Восставшая из пепла - Николай Ильинский
— Надо работать дальше, а просто огулом обвинить человека не годится, совесть не позволяет, — заявил он в заключительном слове.
А Прилепов выразил свое отношение к делу еще короче:
— Жигалкин и Круподеров перегнули палку…
Остальные члены бюро находились на грани совести и страха перед представителем НКГБ. Победил страх.
Однако Круподеров, видя решимость Морозова, сделал шаг назад, не арестовал Виктора, как планировал, чтобы победно рапортовать вышестоящему начальству о завершении расследования, и тоже занял выжидательную позицию, как паук, уверенный в том, что в его сплетенную липкую паутину намеченная жертва попадет все равно.
Отдавая партийный билет Морозову, Виктор с ноткой вины в голосе заметил:
— Извините, Юрий Федорович, испорчен уголок билета… это от ранения…

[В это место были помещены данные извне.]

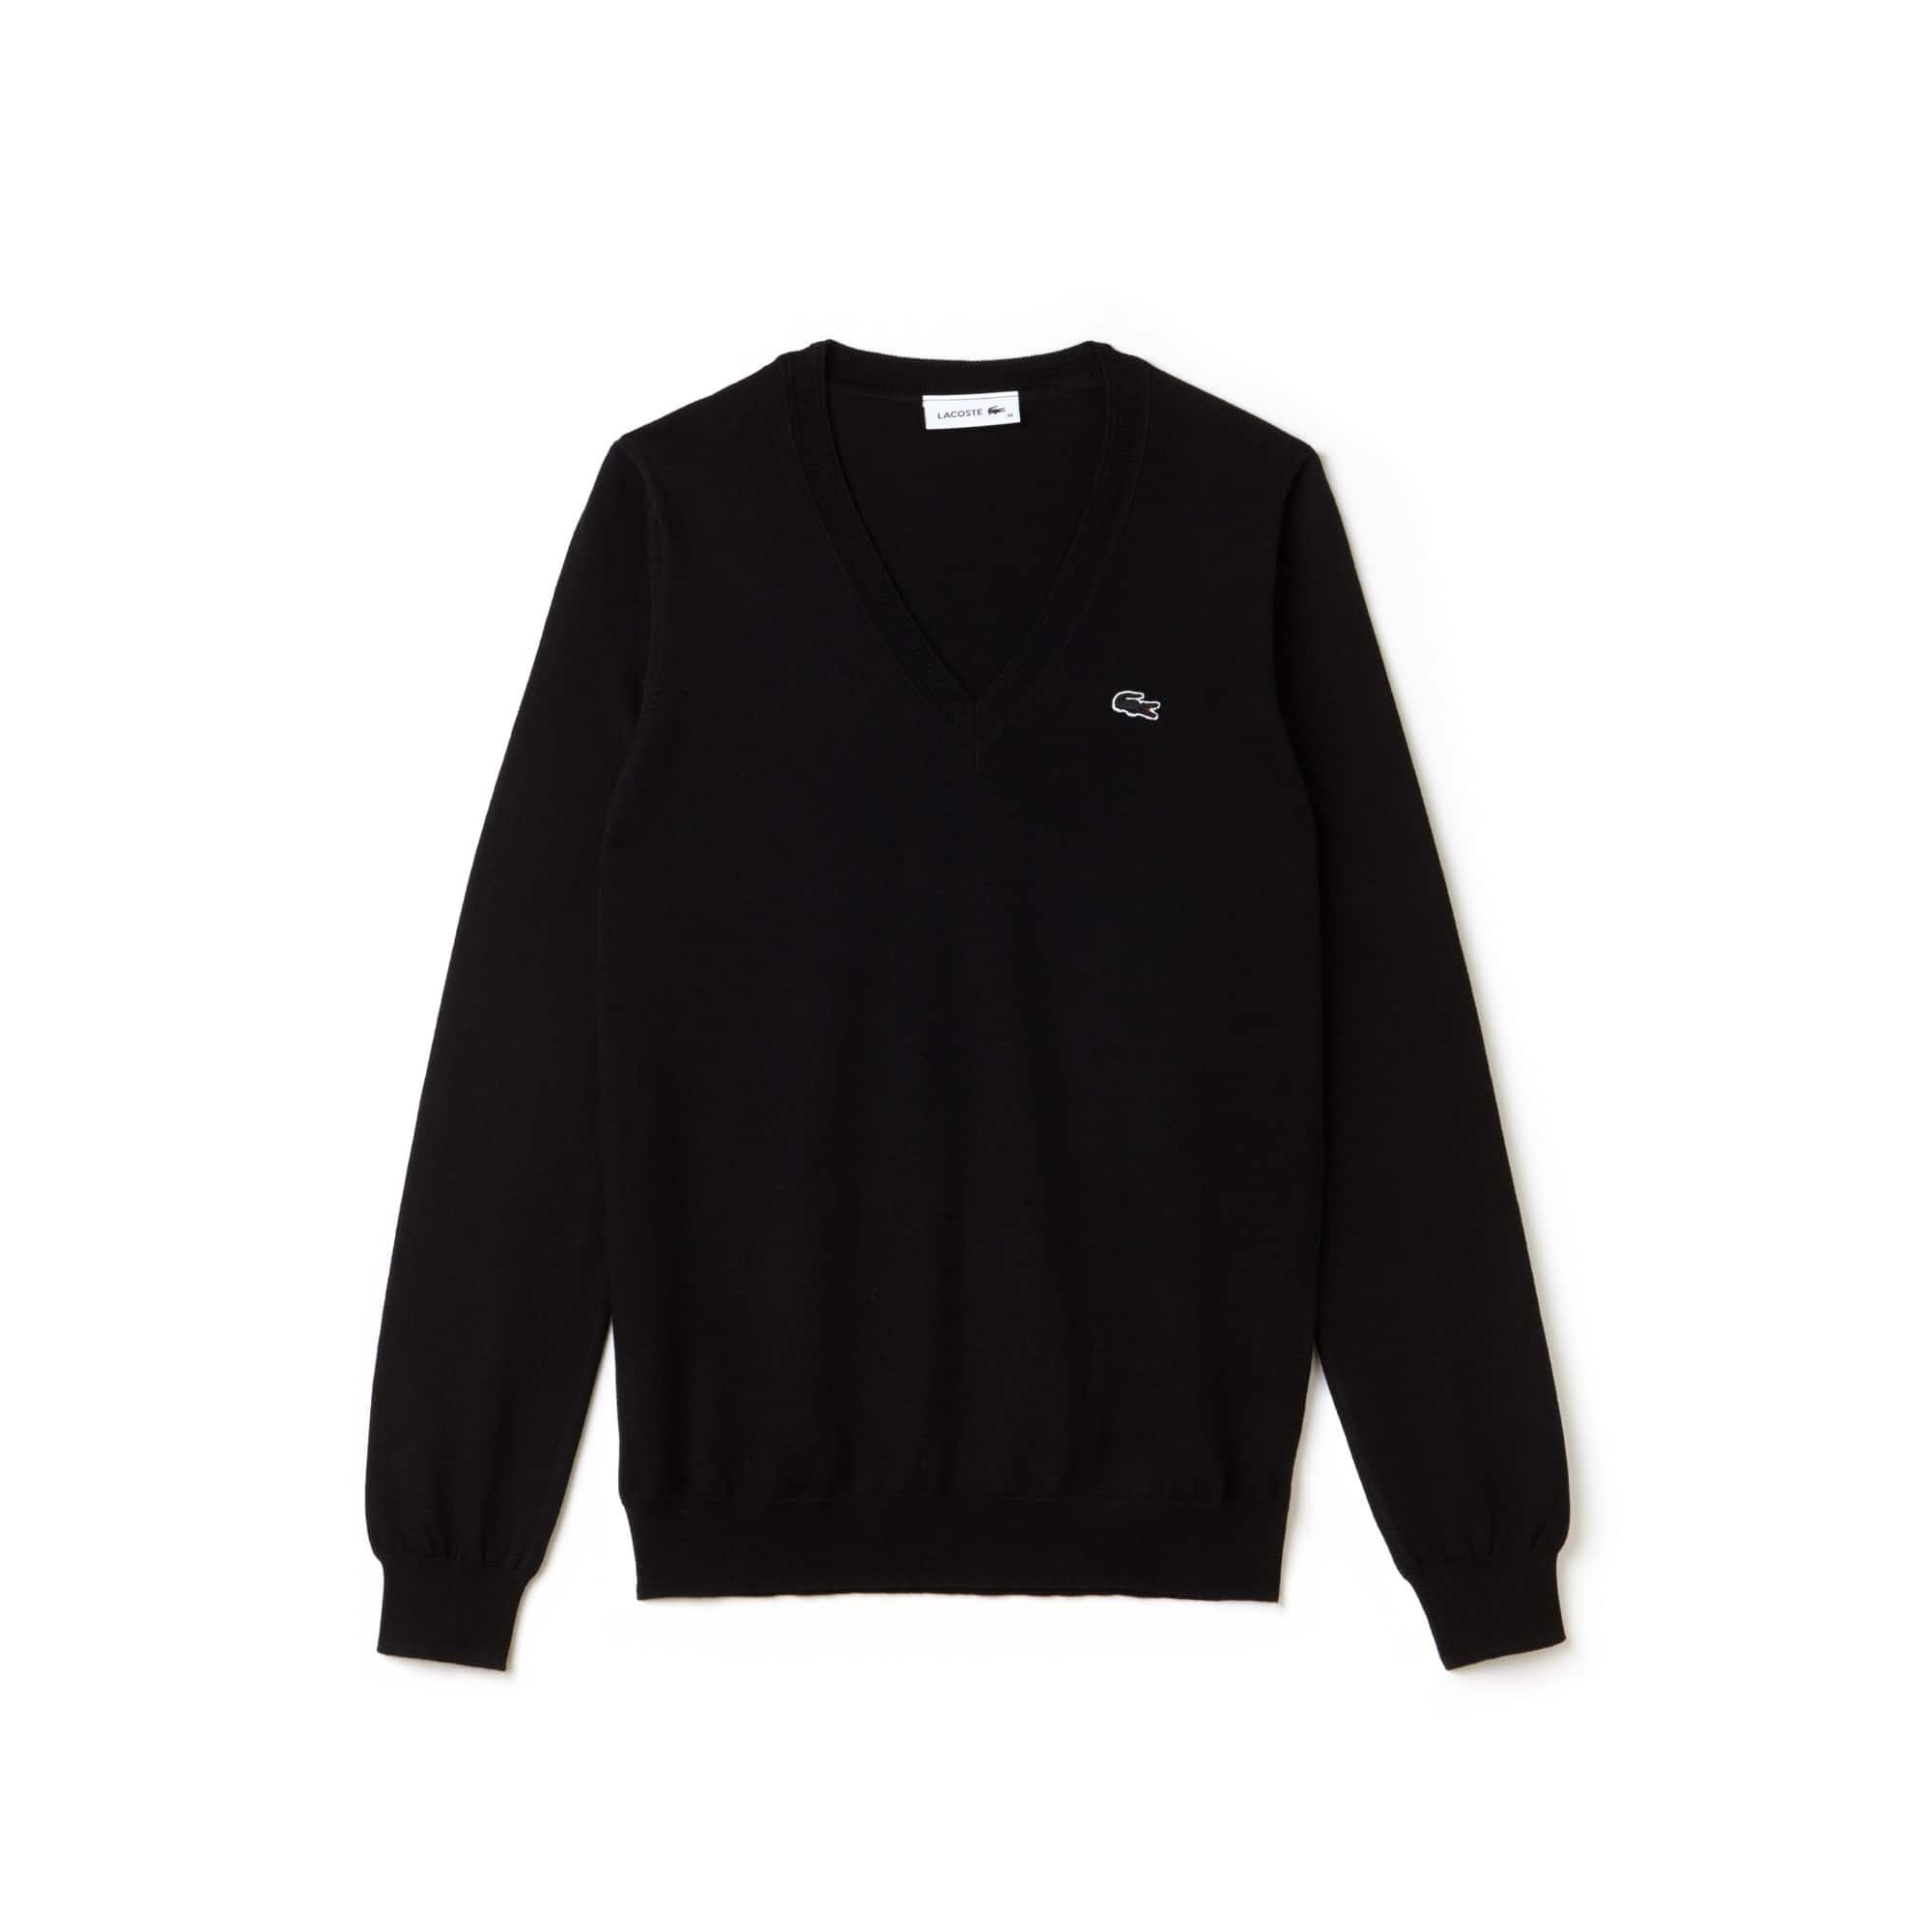 c3298f149 Women s V-neck Jersey Sweater

Морозов внимательно осмотрел билет, изменился в лице, но ничего не сказал, и только после того, как Званцов вышел, обратился к Круподерову:
— Гарий Вацлавович, вы можете показать мне свой партбилет?
— Вам? Вам могу, Юрий Федорович, только не знаю зачем… Но все равно, — он вынул из кармана билет, развернул его. — Вот… взносы плачу аккуратно, билет чистенький, я берегу его как зеницу ока, как и положено настоящему коммунисту, — протянул его Морозову.
— Нет, нет, — мне его не надо давать, — я и так вижу, вижу… Чистенький, не замаранный! — Затем он развернул билет Званцова, уголок которого был в засохшей крови. — Вот какой билет мы отобрали у человека!.. Видите, он в крови, он был в бою, он ранен, этот партбилет, ему место не в архиве, а в музее боевой славы…
— Я вас не понимаю, товарищ первый секретарь! — покраснел Круподеров. — К чему все это?
— Все вы понимаете, майор, все… Находясь в окопе, билет чистым не может быть при всем желании его владельца…
Все члены бюро еще ниже опустили головы и молчали: неловко им было, и совесть грызла, кроме Жигалкина, который ерзал на стуле.
Морально униженный и физически сильно уставший Виктор вернулся домой, когда за окном уже стало темнеть.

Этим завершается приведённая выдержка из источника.